Depends on what you'd want to grow and what sort of soil and weather conditions you have. Also if you'd have to use a contractor or if you have your own machinery


----------



## Chevaux (Jun 27, 2012)

Like Jaydee says - it depends. Where we live, we have approximately 30 acres that we cut for hay (I've got 4 horses). There will be fluctuations in the quantity of hay we get off the fields based on the growing season. I do the haying by myself which required purchase of equipment like mower, rake, baler and automatic bale wagon (some new; some used - either way, dollars were involved); skill in maintaining and repairing said equipment (I'm still on the learning curve with that one) and the ability to dedicate time to getting the hay cut, baled, picked up and stacked (there's frequently narrow windows of opportunity with haying because of weather - specifically rain which is not your friend after the hay has been cut).


----------



## Left Hand Percherons (Feb 1, 2011)

Fodder is not a traditional crop. You grow it indoors on grow trays with an elaborate water and lighting system. Do your research. It's not as attractive as it's made out to be.
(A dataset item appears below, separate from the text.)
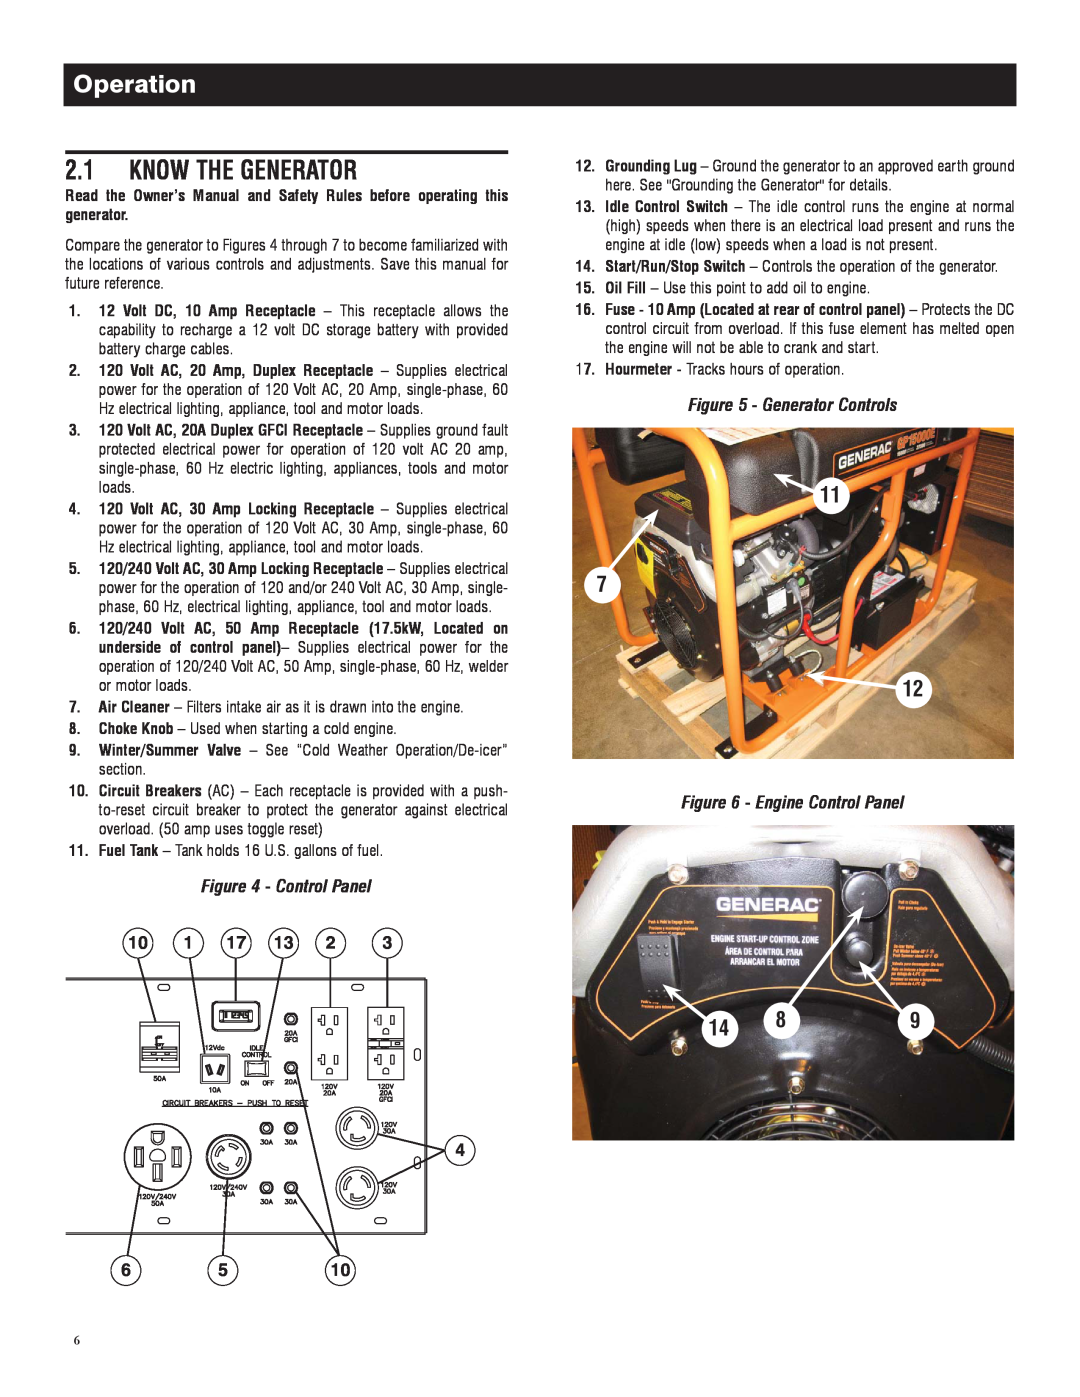 Generac 005734-0, 005735-0 owner manual Know The Generator, Operation, Generator Controls, Engine Control Panel

You have to feed approximately 5X the fodder to make the equivalent hay. (fodder is about 85% by weight water while hay is usually less than 10%) Say you feed 20# of hay a day per horse, that would be 100# of fodder. 5 horses, that's 500# a day. A typical "biscuit" (tray) is 13#. If you only fed fodder and no hay, that would be 38 trays a day. Average 5-7 days germination, you would have 228 in production at any given time.


----------



## jaydee (May 10, 2012)

I wasn't understanding that the OP meant hydroponic fodder but some sort of harvestable horse feed - also called fodder (at least it is in the UK)


----------



## Left Hand Percherons (Feb 1, 2011)

I realize as well that fodder can mean other things. If however the OP did mean fodder make from cereal grain residue is that the best thing to be feeding (we're talking 5 horses not 100 feeder calves)? If we are making fodder out of hays, why not feed hay? With all the misinformation about (hydroponic) fodder out there, I'm going to immediately think that's what people are talking about.


----------